Highway 2000 is a highway system in Jamaica connecting Kingston, with Ocho Rios and a planned connection to Montego Bay, passing through the parishes of St. Catherine, Saint Ann, Clarendon and proposed sections through St. James, Saint Elizabeth, Westmoreland, Hanover. The highway is operated by the Jamaica Infrastructure Operators and developed by Trans-Jamaica Highway Limited through contractors CHEC and Bouygues Construction.

The highway is a four-to-six lane controlled-access, tolled motorway with grade-separated interchanges and intersections built according to modern international standards. Tolling of the highway is governed by a Tolling Policy.

The highway was built on a phased basis. Phases 1A and 1B are considered as the East-West Leg (T1) and Portmore Causeway (T2). Phase 2A is considered as the North-South Leg (T3).

On September 15, 2009, Jamaica's then  prime minister, Bruce Golding, announced to Parliament that Highway 2000 was to be renamed in honour of Usain Bolt, however, Bolt decided to reject the honour.

History
The Highway 2000 construction project was initialized by Government of Jamaica (former Prime Minister P.J. Patterson) in September 1999. The main objective of this project was to upgrade Jamaica's infrastructure, provide economic opportunities for growth and create jobs. The Project is a public-private partnership structured to maximize operational efficiency and minimize costs. The project is still ongoing, with the direct link to Montego Bay yet to be determined.
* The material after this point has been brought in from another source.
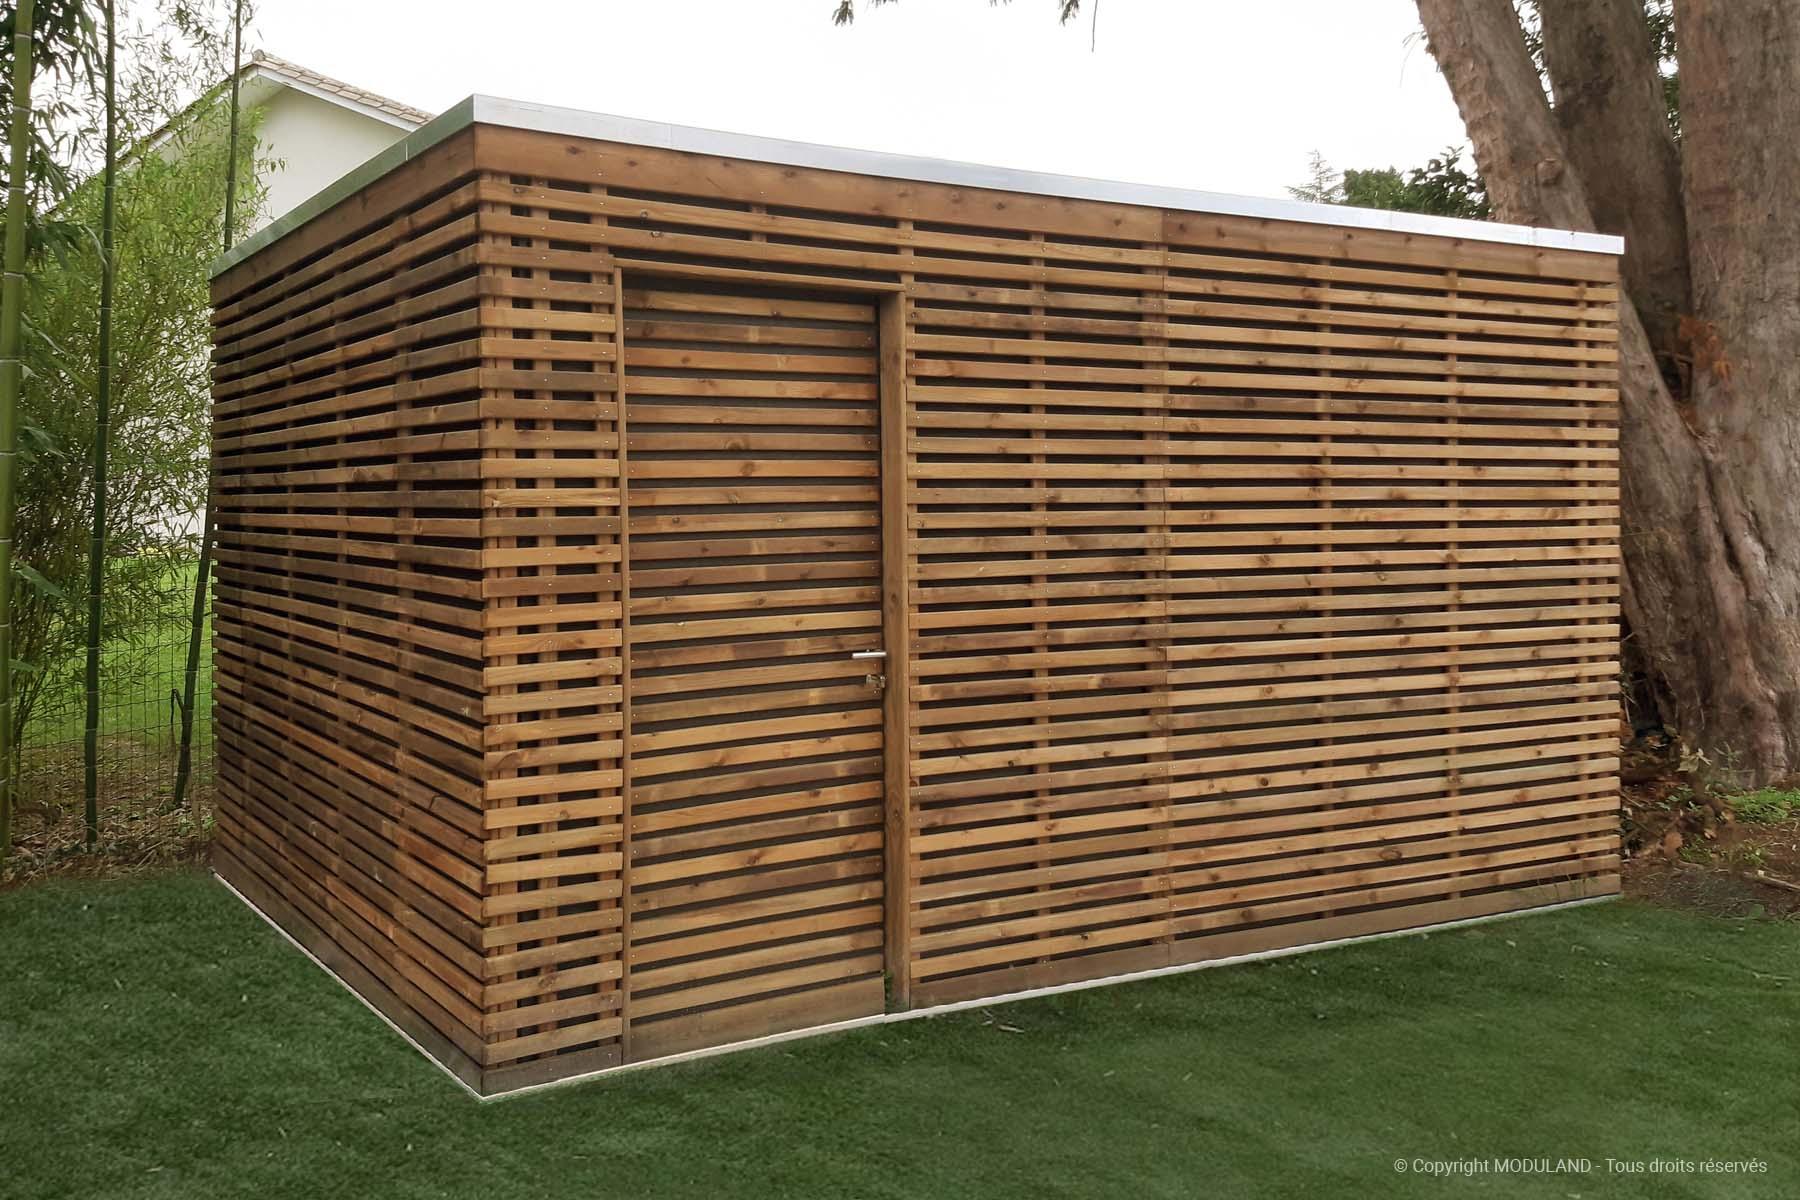 Fabricant D'abris Et Structures Bois Sur Mesure | Moduland pour Abri De Jardin Vannes

Notably, the intention of connecting Jamaica via such a comprehensive highway system, was first expressed and clearly defined in the Jamaican Transportation Survey of 1968/69; as a matter of fact, much of the current Highway 2000 alignments were proposed and defined therein, including the phase 1, East-West Leg and Portmore Causeway, phase 2, North-South Leg as well as a proposal to connect the East-West Leg to Montego Bay.  The proposed highway system was also included and adopted in the National Physical Plan for Jamaica 1970-90 with suggestions to have an alternate North-South Leg from May Pen to Discovery Bay as opposed to the one actually constructed (at present) from Caymanas to Ocho Rios. The NPP was a non-partisan Plan for Jamaica, first conducted under the United Nations Special Fund Project "Assistance in Physical Planning". The Plan was drafted by the then Town Planning Department (now NEPA) of the Ministry of Finance and Planning, Jamaica, and vetted by the then Prime Minister of Jamaica, the Most Honourable Hugh Lawson Shearer ON OJ PC, as well as the Minister of Finance and Planning, the Most Honourable Edward Philip George Seaga ON PC.

Phases
The project is divided into two phases, with the second phase being further divided into two.

Phase 1A (~46 km)
 Bushy Park to Sandy Bay (13 km)  - completed February 2004
 Kingston to Bushy Park (21 km)  - completed December 2004
 Portmore - Kingston Causeway (5 km)  - completed July 2006

Phase 1B (~37.7 km)
 Sandy Bay to May Pen (10.5 km) - completed August 15, 2012
 May Pen to Williamsfield— 69% complete (as of April 16, 2022) with  estimated completion by Late 2022-Early 2023

Phase 2A (~66 km)
The 66 km, Highway 2000 North-South Leg, has reduced travel time from Kingston to the North Coast town of Ocho Rios and the city of Montego Bay significantly. The construction took take place in 3 phases:

1. Mount Rosser Bypass (19.3 km) - completed August 5, 2014

2. Caymanas to Linstead (May 2013 to December 2015) - Opened March 2016

3. Moneague to Ocho Rios (June 2013 to December 2015) - Opened March 2016

Phase 2B
Williamsfield to Montego Bay—general alignment not yet clearly defined

Route Information

Saint Ann
The highway's North-South Leg begins in St. Ann at the Mammee Bay interchange which links T3 with the Northern Coastal Highway (which links Mammee Bay/Ocho Rios with Montego Bay). The highway cuts through the interior of the parish and has 2 additional interchanges (Lydford and Unity Valley) which have tolled on/off ramps and a rest stop at Unity Valley. The highway then transitions into St. Catherine.

Saint Catherine
The highway's North-South Leg and East-West Leg run through the parish of St. Catherine. The highway's significance is especially seen in the parish. The predecessor of the North-South Leg - T3 (Mammee Bay to Caymanas) was the A1, which involved passing through Mount Rosser, the Bog Walk Gorge and over The Flat Bridge. These areas were notorious for their particularly long travel times, in addition to the winding path through Mt. Rosser and the inaccessibility of the Bog Walk Gorge (which runs parallel to the Rio Cobre river) and Flat Bridge during adverse weather conditions. The highway bypasses these areas via the Mt. Rosser Bypass and the Linstead to Angels section of the highway and minimizes the total journey time from Kingston to Ocho Rios from over 2 hours to under an hour.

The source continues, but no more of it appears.